BRIEF DESCRIPTION OF THE DRAWINGS

(1) The above and other objects, features and advantages of the present disclosure will be more clearly understood from the following detailed description taken in conjunction with the accompanying drawings.

(2) FIG. 1 is a diagram of an exemplary configuration of a 2-speed gearshift for an electric vehicle having a cone clutch according to the related art to which the present disclosure is applicable.

(3) FIG. 2 shows a graph of changes in torque at an output shaft when the 2-speed gearshift of FIG. 1 shifts from a first gear to a second gear.

(4) FIG. 3 is a flowchart illustrating a gear shifting control method for an electric vehicle according to an embodiment of the present inventive concept.

(5) FIG. 4 is a characteristic curve of change in torque over revolutions per minute (RPM) of a motor.

DETAILED DESCRIPTION

(6) Hereinafter, embodiments of the present inventive concept will be described in detail with reference to the attached drawings.

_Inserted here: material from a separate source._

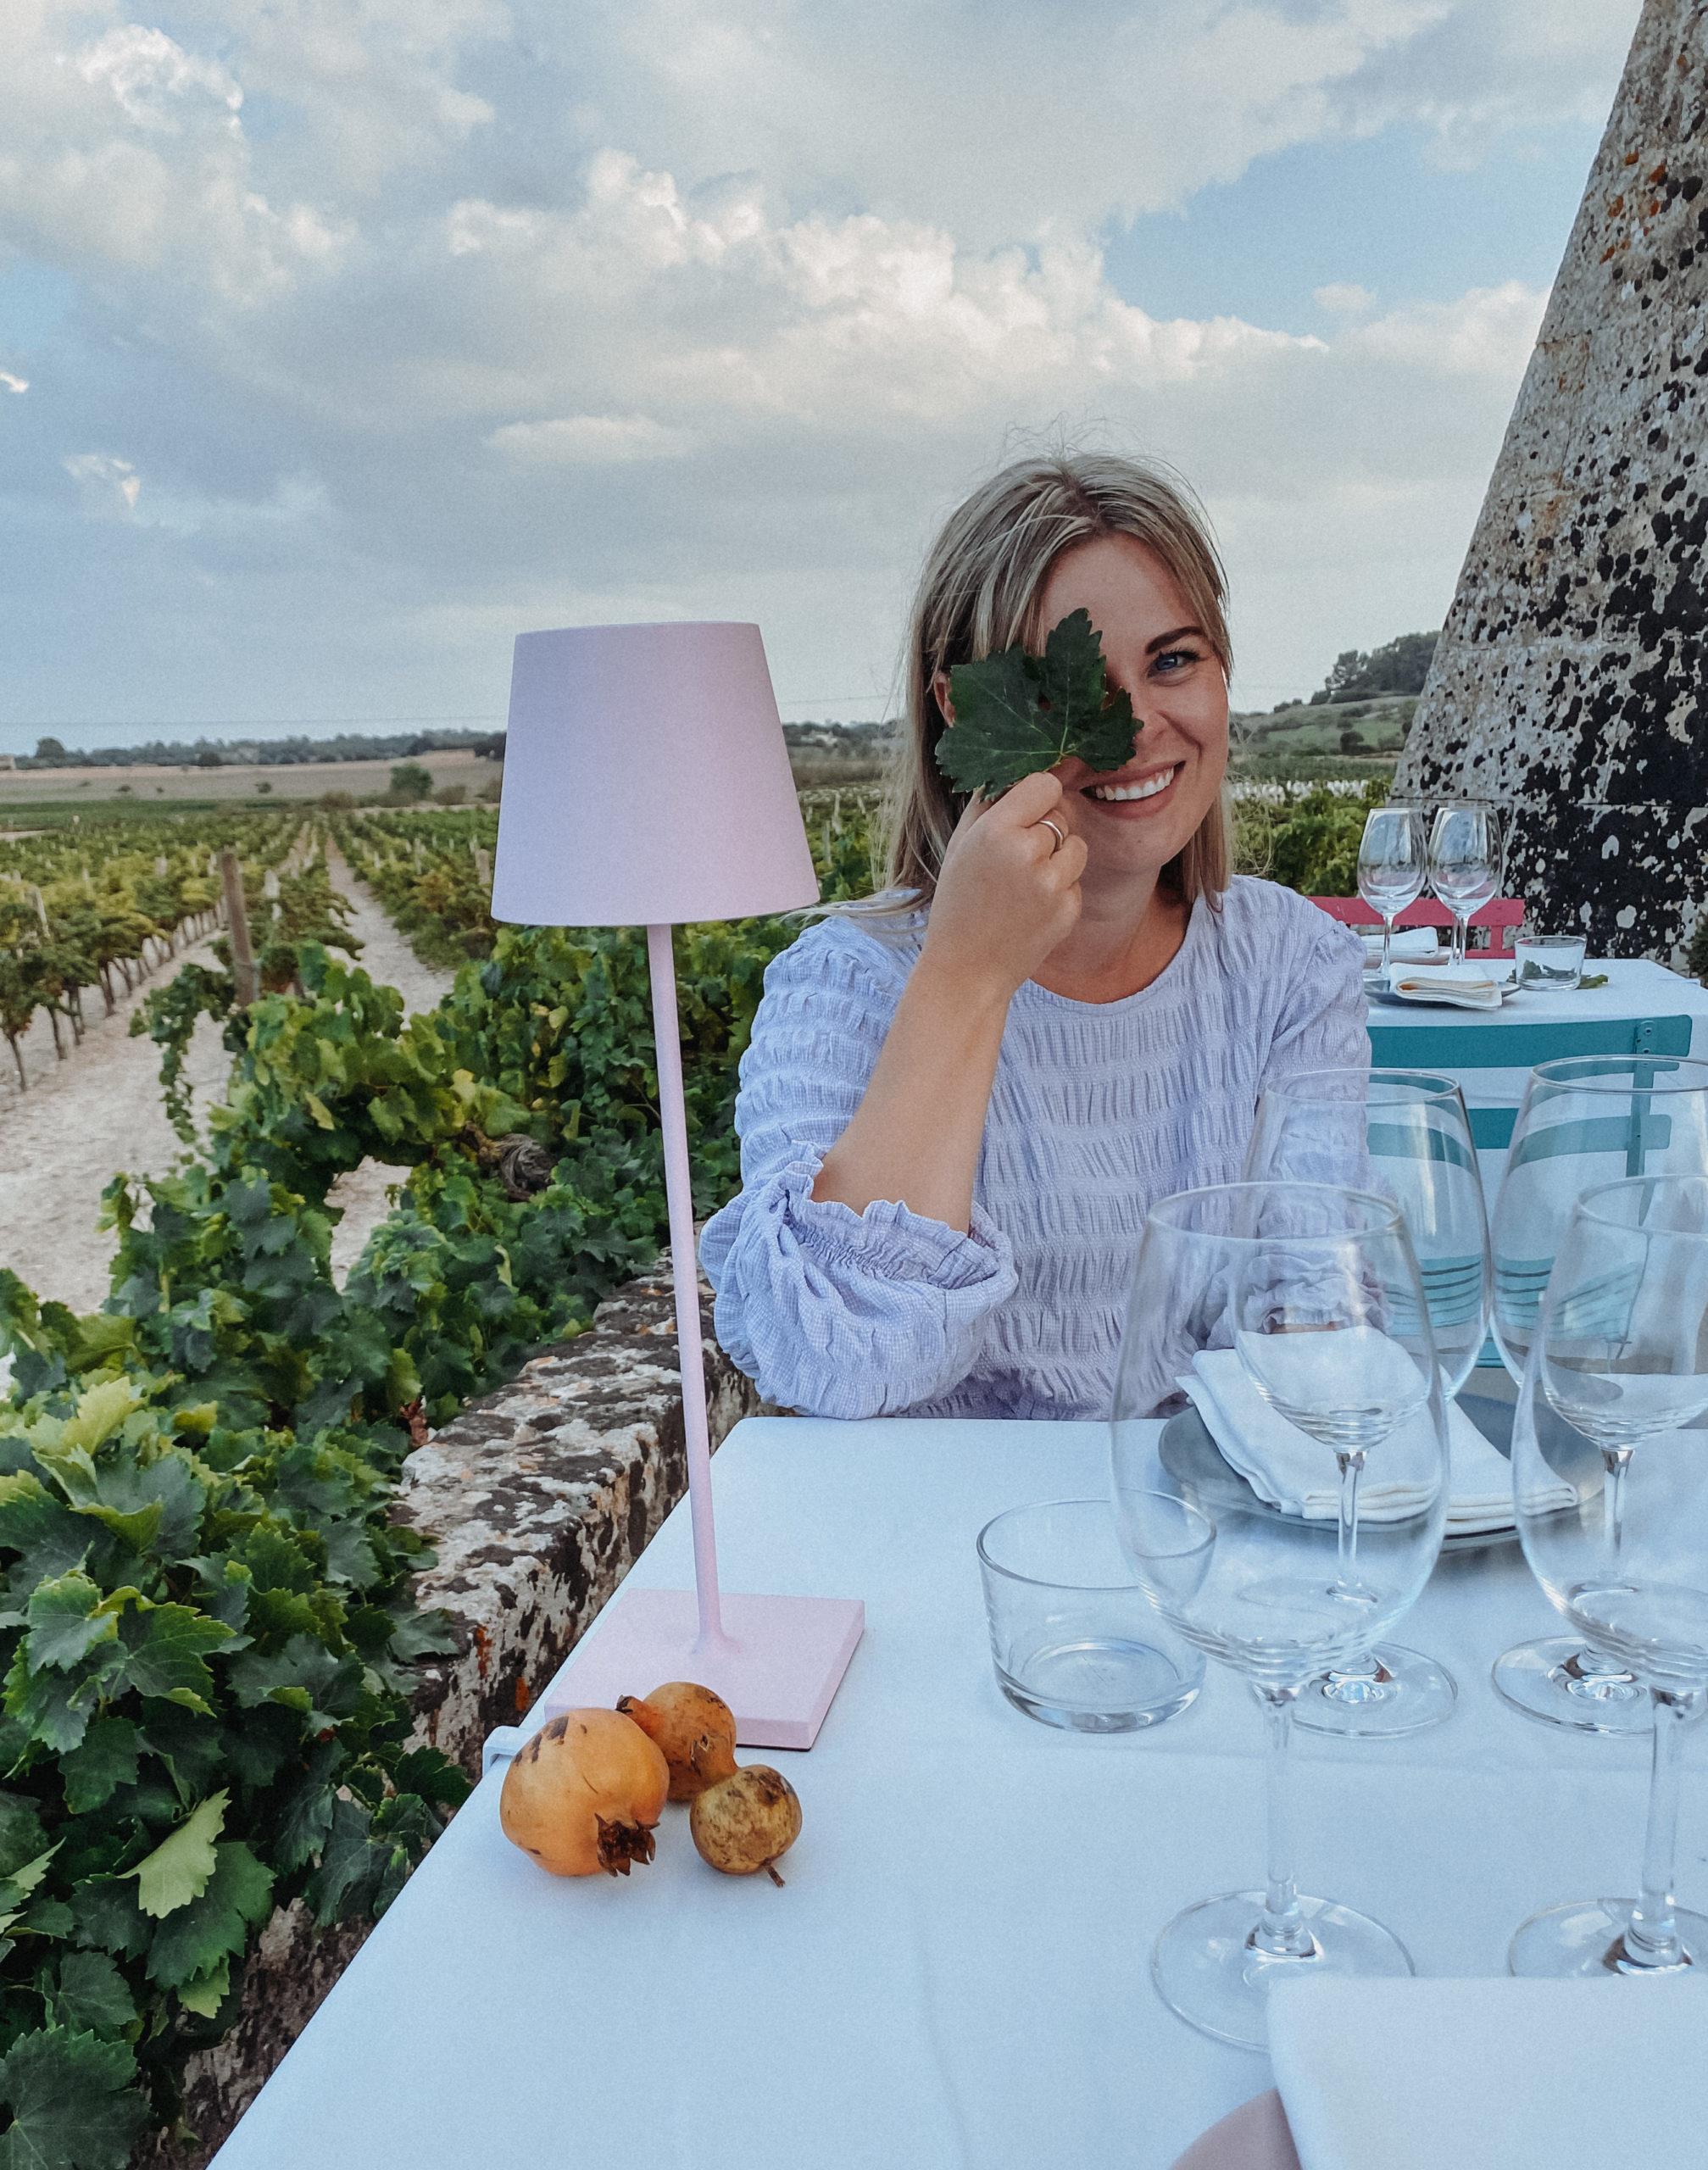 mesquida mora restaurant - wijngaard mallorca - diner op een wijngaard - mesquida mora wijnen - bijzonder restaurant mallorca -

(7) Reference now should be made to the drawings, in which the same reference numerals are used throughout the different drawings to designate the same or similar components.

(8) Referring to FIG. 3, a gear shifting control method for an electric vehicle according to an embodiment of the present inventive concept, a controller C determines whether revolutions per minute (RPM) of a motor M falls within a constant torque range or a constant power range when gear shifting is initiated between a first shift gear and a second shift gear at step S10 (an operation range determination step). An operating power of a cone clutch CC is controlled by adjusting a predetermined operating tilt if it is determined that the RPM of the motor M falls within the constant torque range at step S20 (variable control step). The operating power of the cone clutch CC is maintained if it is determined that the RPM of the motor M falls within the constant power range at step S30 (constant control step).

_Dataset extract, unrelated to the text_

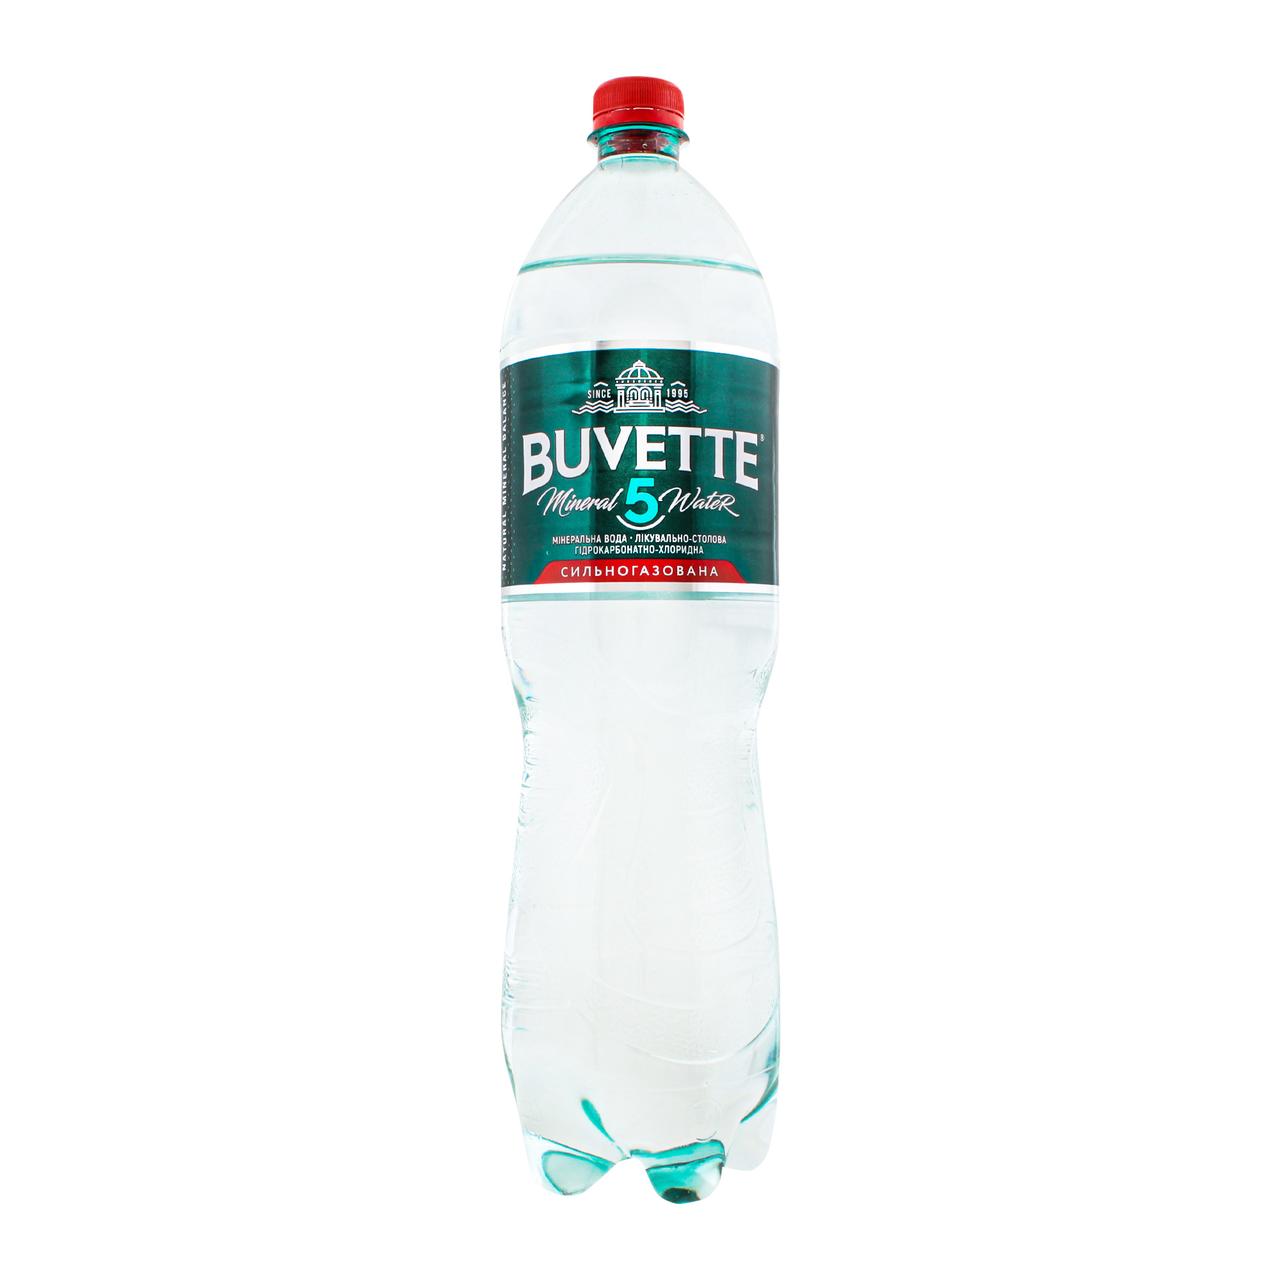 Вода мінеральна Buvette 5 сильногазов лікувальн-столова 1.5л

(9) That is, if the controller C determines that gear shifting from the first gear in a driving state to the second gear is required, the controller C determines whether the current RPM of the motor M falls within the constant torque range or the constant power range and performs the variable control step or the constant control step based on the determination result.

(10) Furthermore, while performing the constant control step S30, the controller C changes to the variable control step S20 when the RPM of the motor enters the constant torque range.

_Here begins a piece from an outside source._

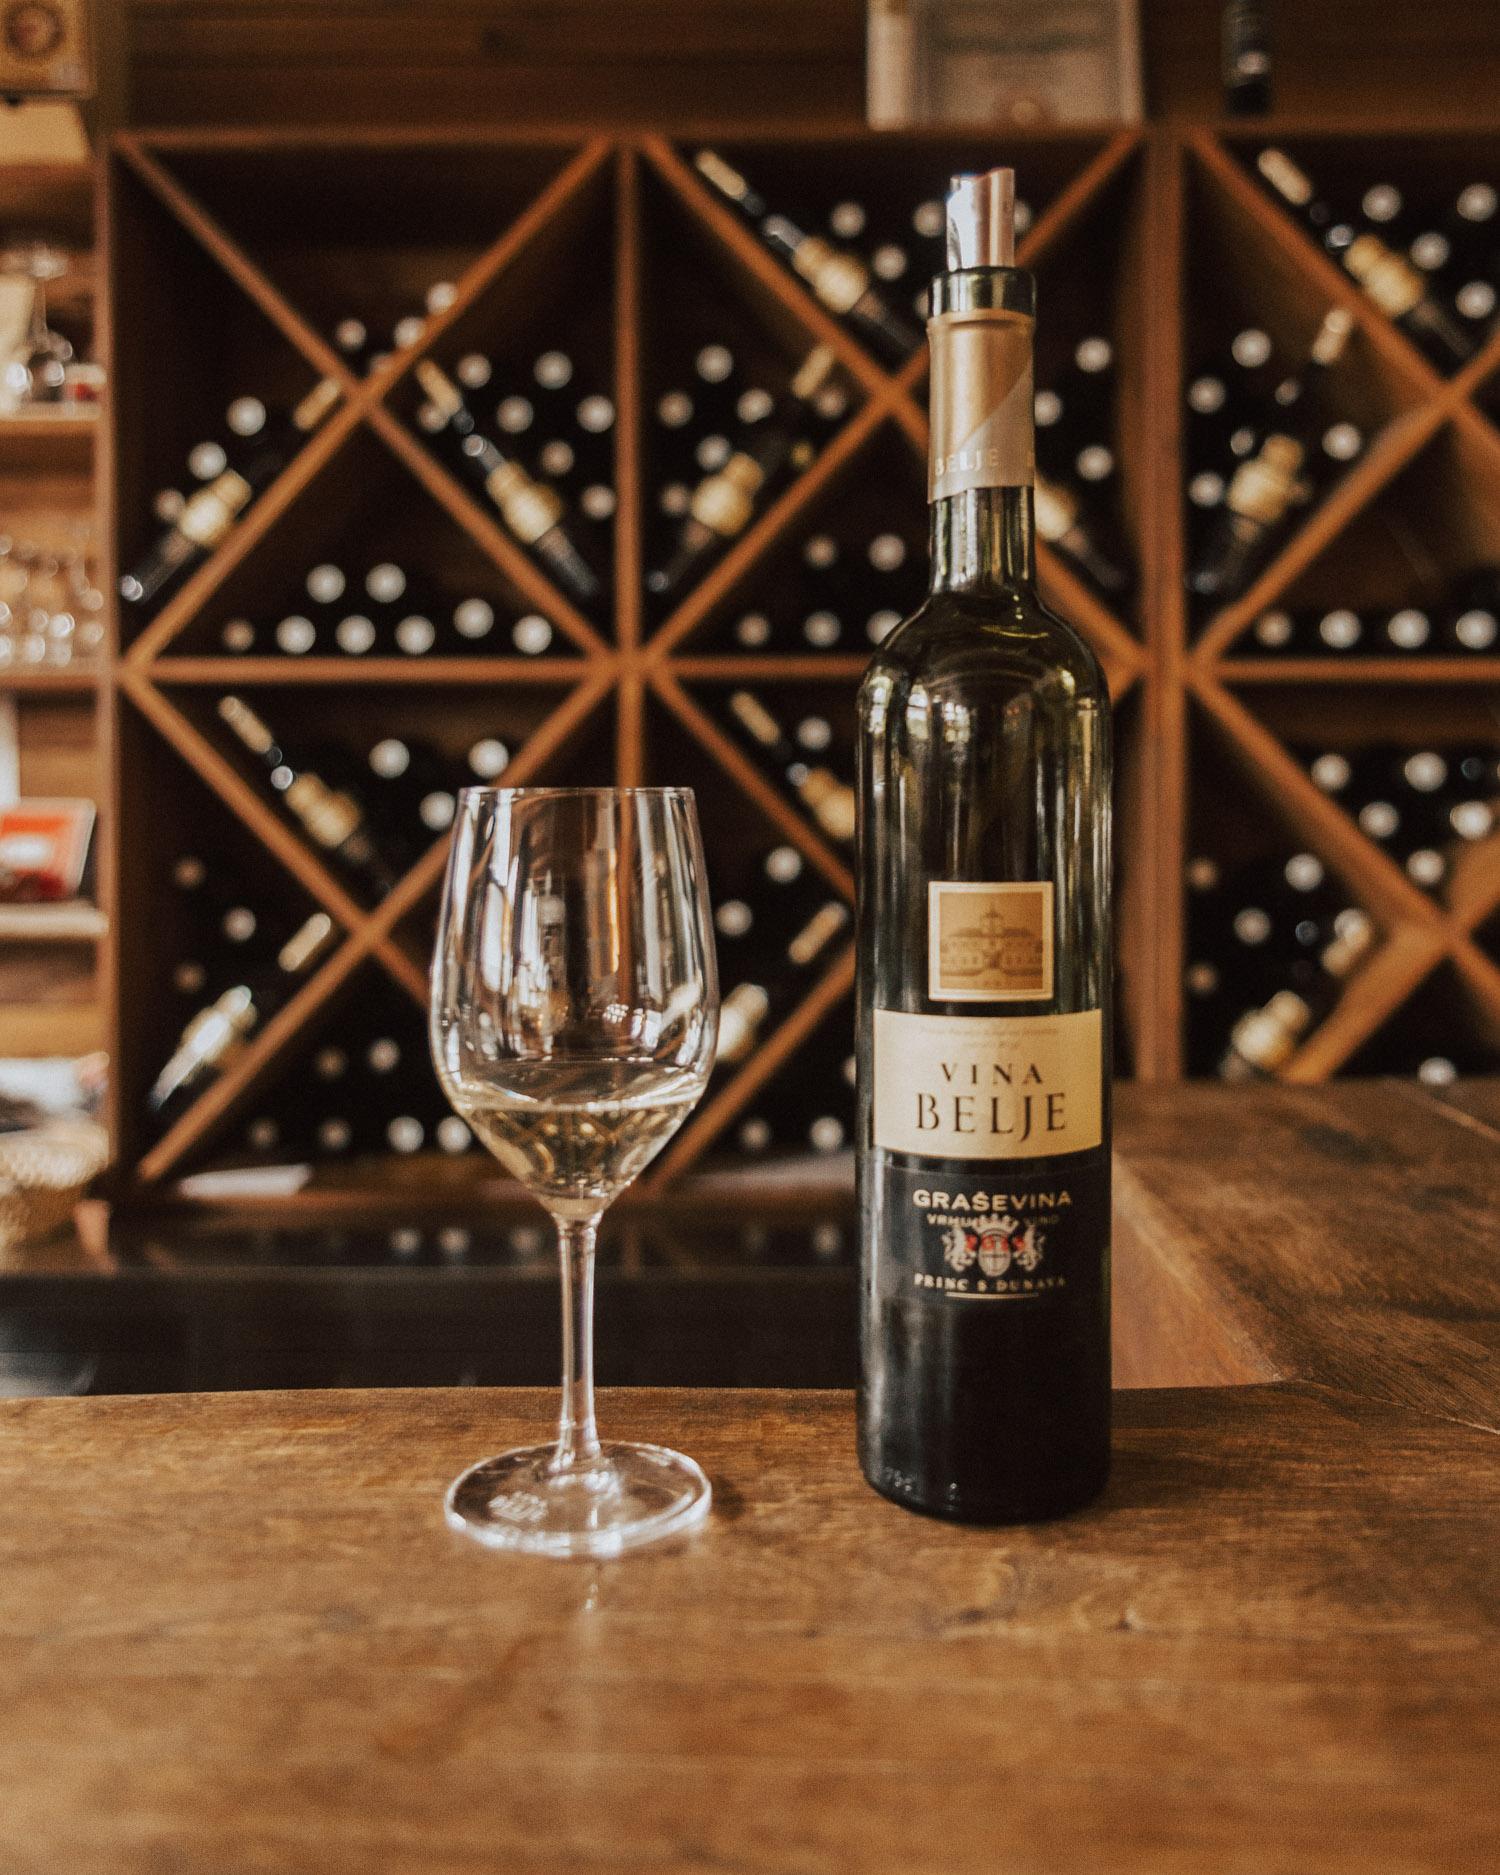 Vina Belje Croatian Wine

(11) FIG. 4 is a graph showing a characteristic curve of change in torque over RPM of a motor, in which torque characteristics are constant regardless of RPM change in a range below a critical RPM and power characteristics are constant where torque decreases as the RPM increases in a range equal to or higher than the critical RPM. In the present disclosure, the cone clutch is controlled using the torque characteristics over the RPM of the motor, thereby easily attaining linear changes in torque at an output shaft during gear shifting.

(12) That is, when the gear shifting initiates in the constant torque range, in which the torque is constant over change in RPM of the motor, the RPM of the motor remains in the constant torque range until the gear shifting is finished. Therefore, when the RPM of the motor decreases as the gear shifting is made from the first gear to the second gear, an operating power to operate the cone clutch to produce a frictional force needs to be controlled at a certain tilt, i.e., at a predetermined operating tilt, in order to linearly reduce the torque at the output shaft as shown in FIG. 1.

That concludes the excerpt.